- _What the task asks_: Exact copies of all the lines below are required, with the pictures omitted.

- _Recorded information_:

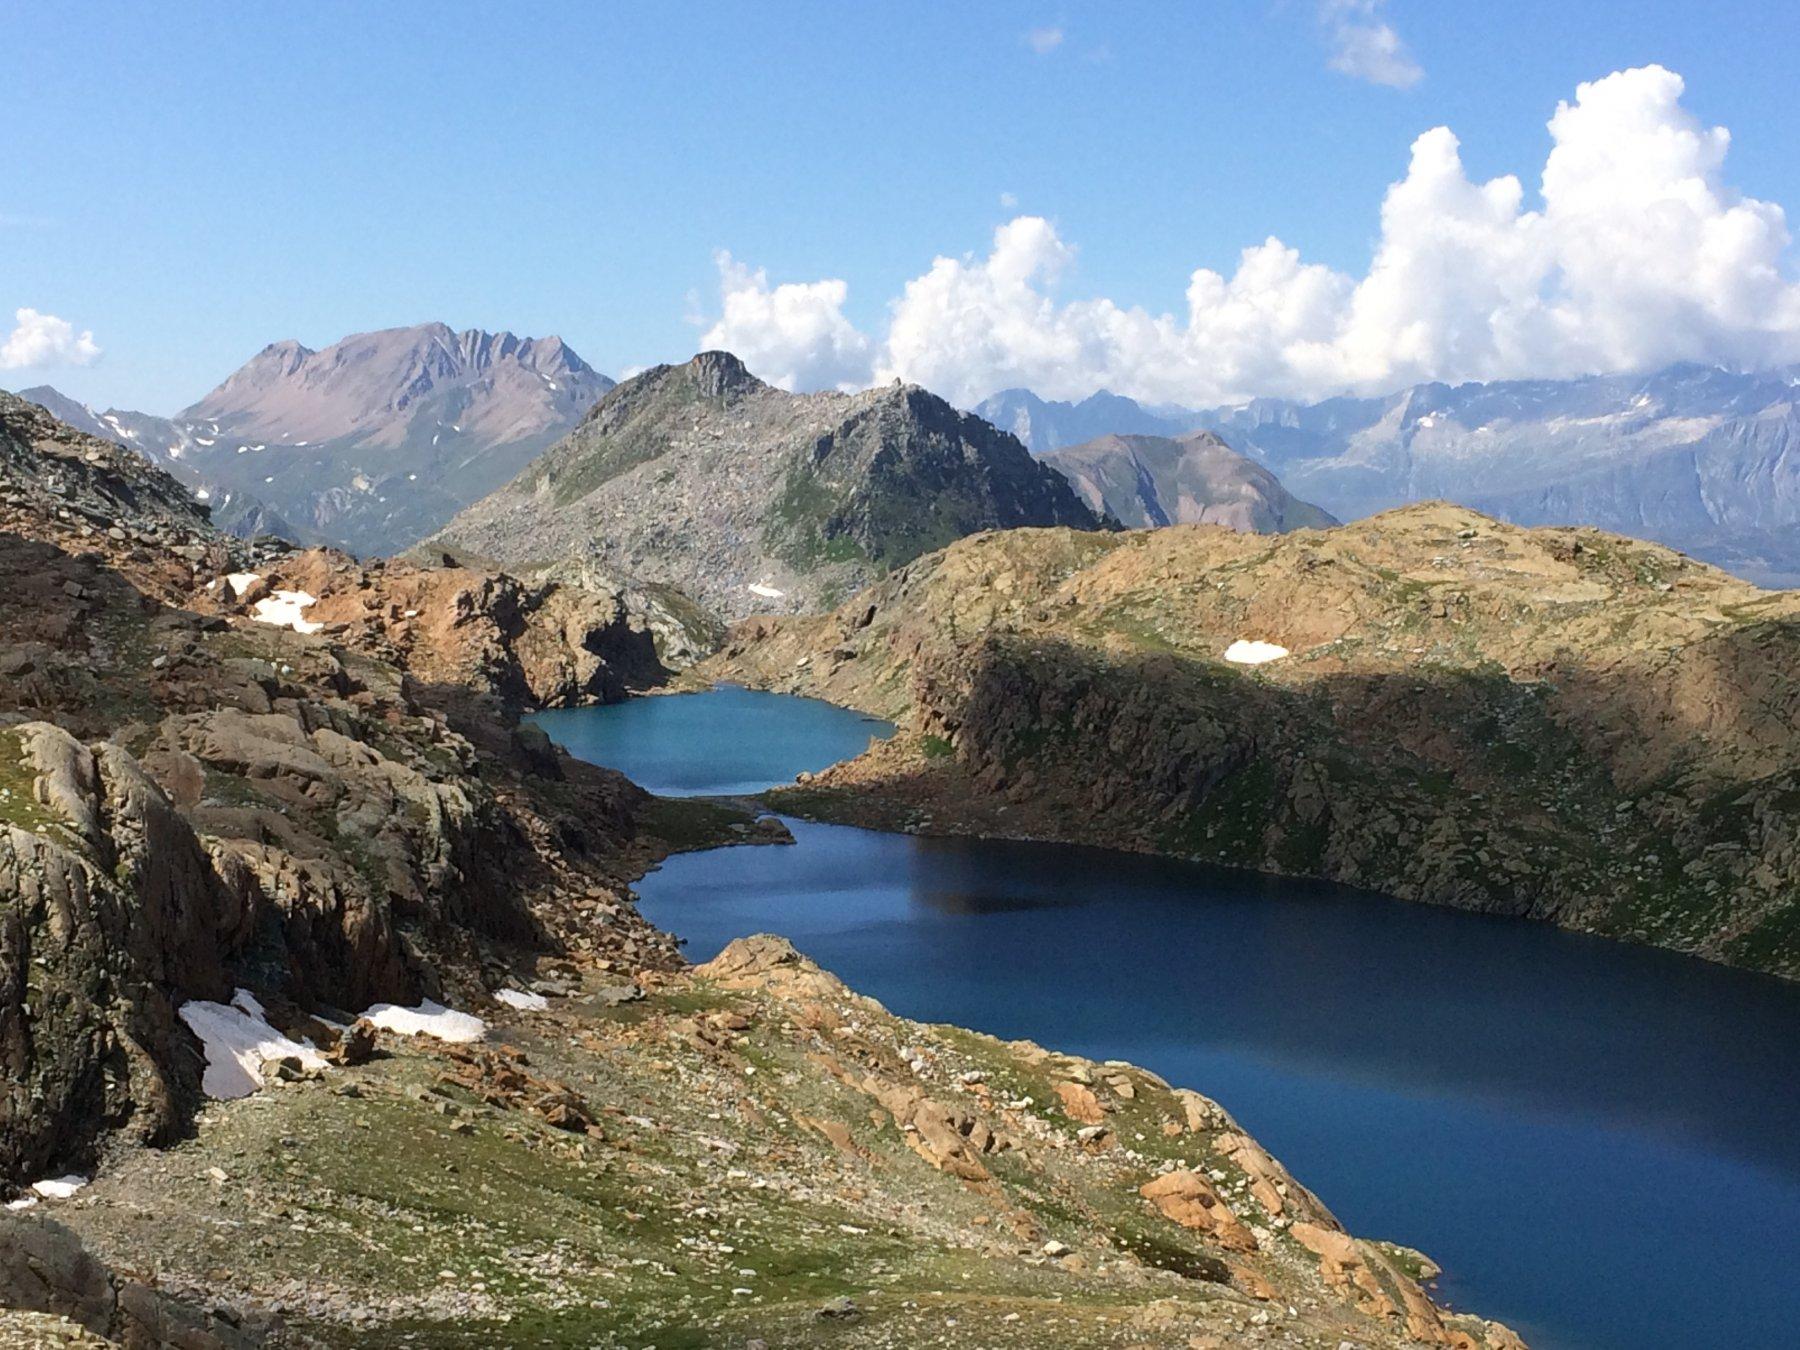 Rossa (Passo della) dall'Alpe Devero, anello per il Passo di Crampiolo 2019-08-25
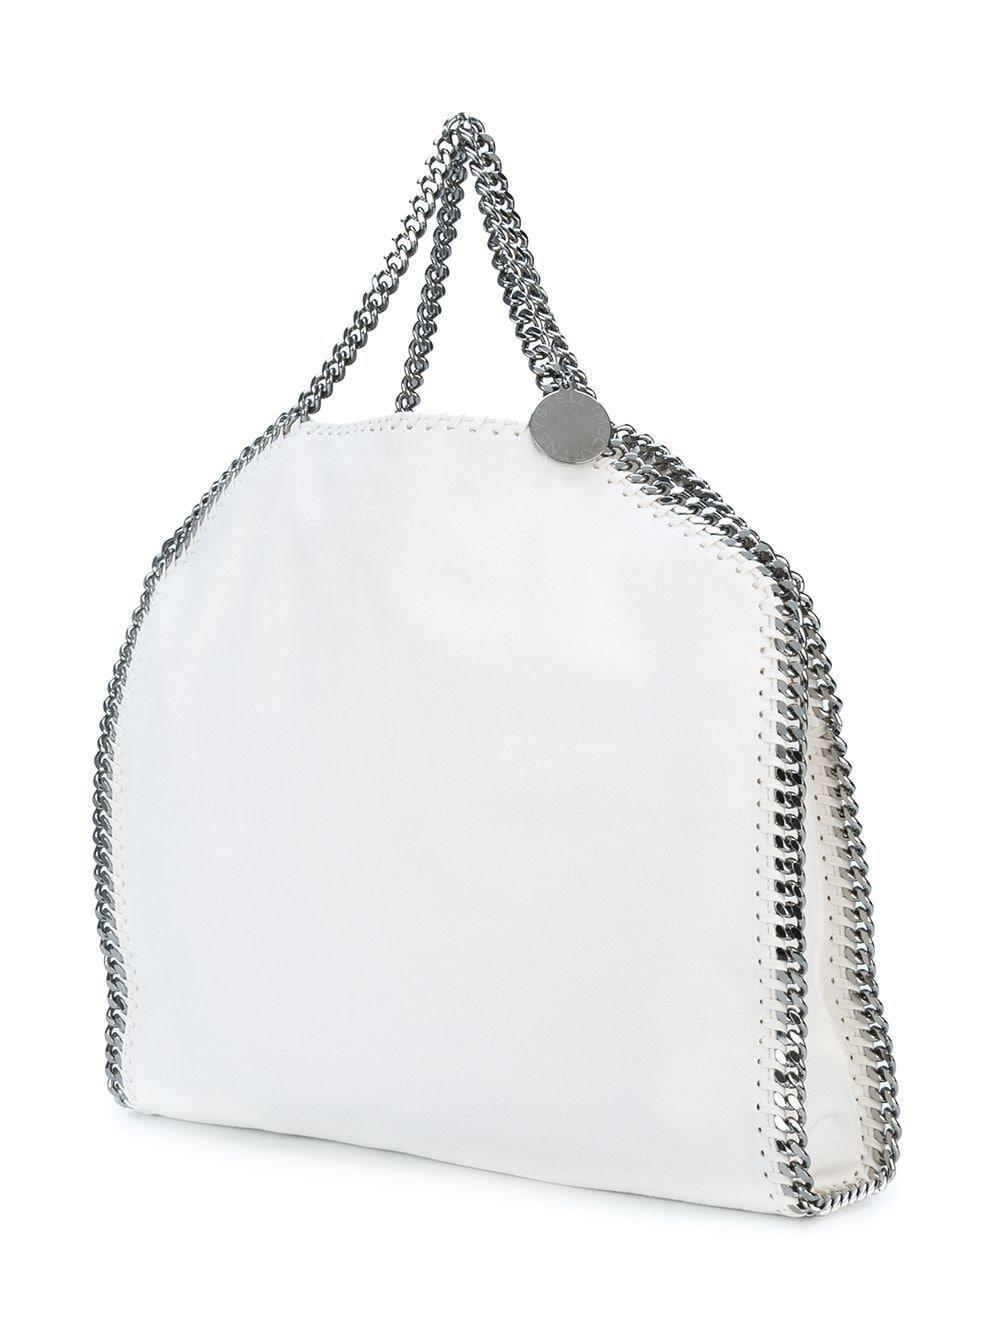 Stella McCartney Leather Falabella Tote in White
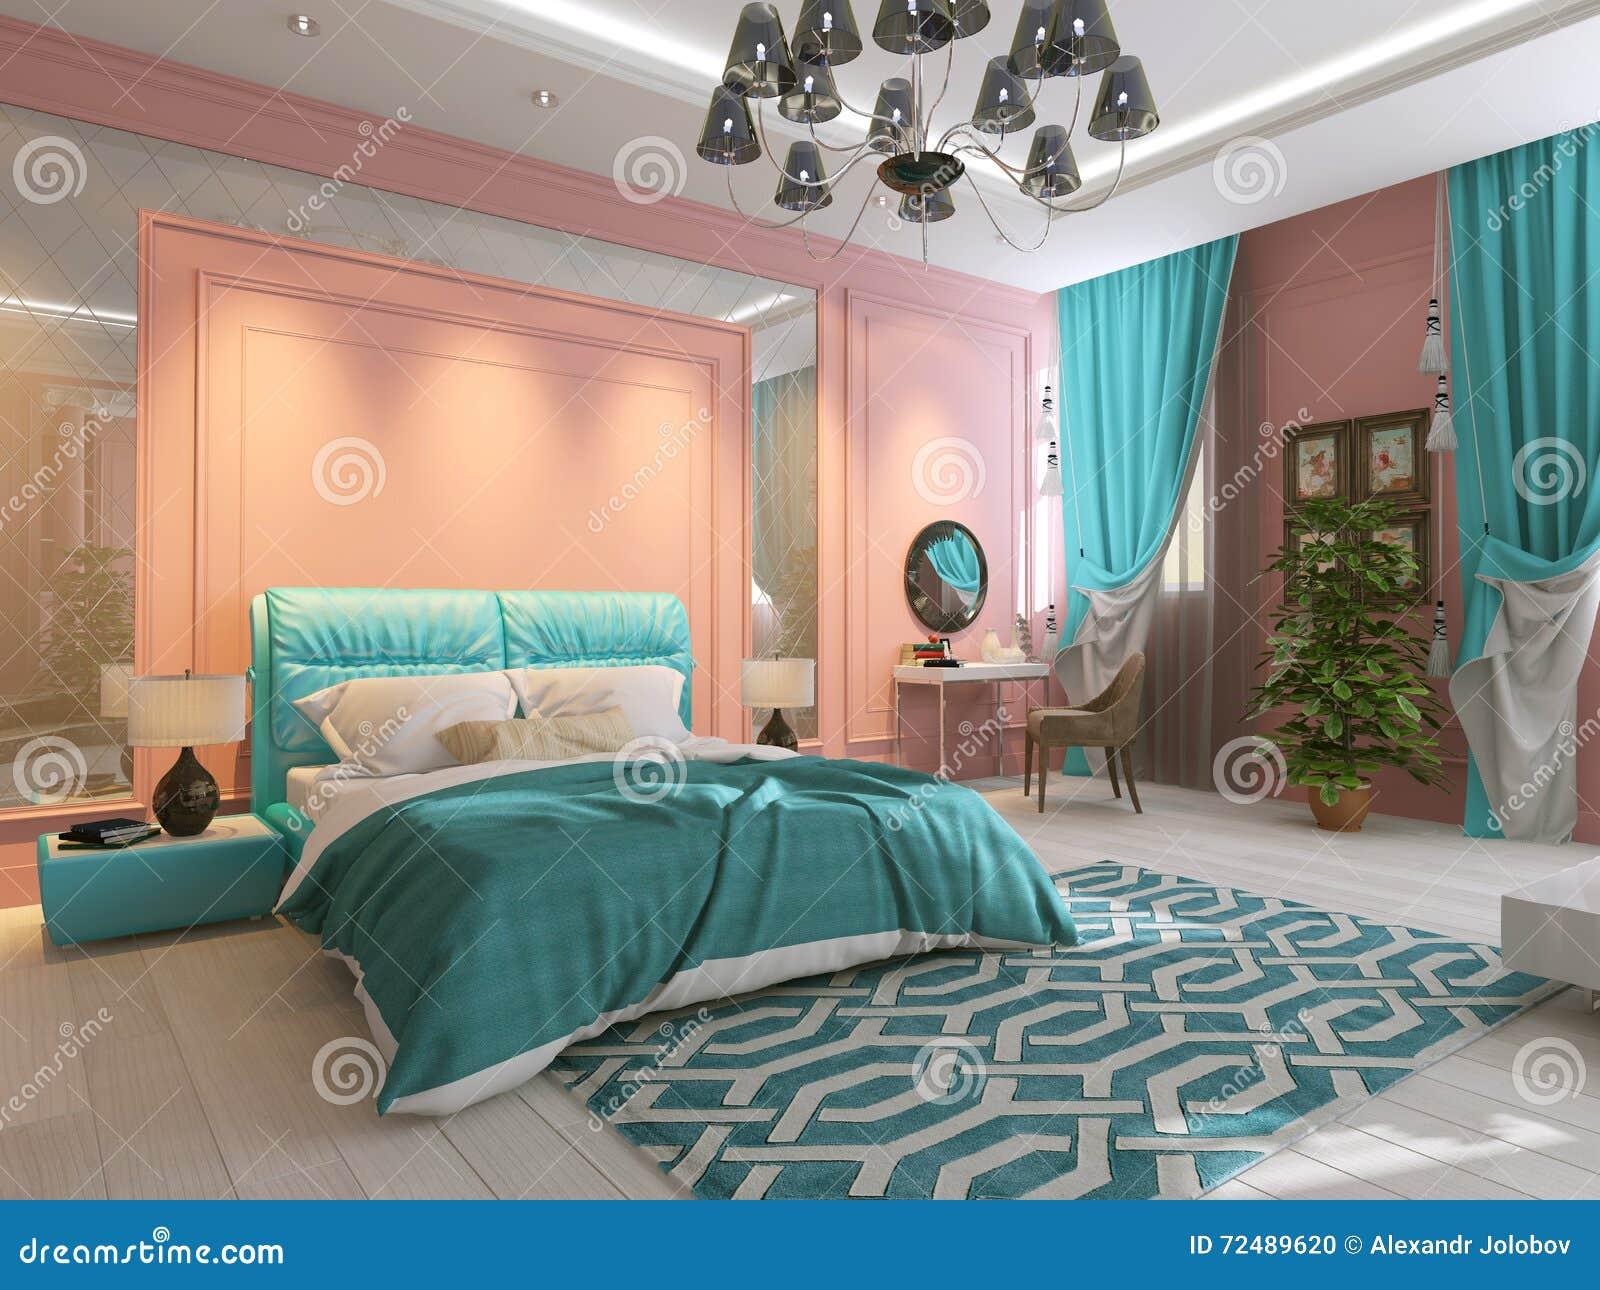 Pareti Rosa Camera Da Letto : Interiore della camera da letto nel colore rosa fotografia stock

- _Result for this exercise_:
 Rossa (Passo della) dall'Alpe Devero, anello per il Passo di Crampiolo 2019-08-25
 Stella McCartney Leather Falabella Tote in White
 Pareti Rosa Camera Da Letto : Interiore della camera da letto nel colore rosa fotografia stock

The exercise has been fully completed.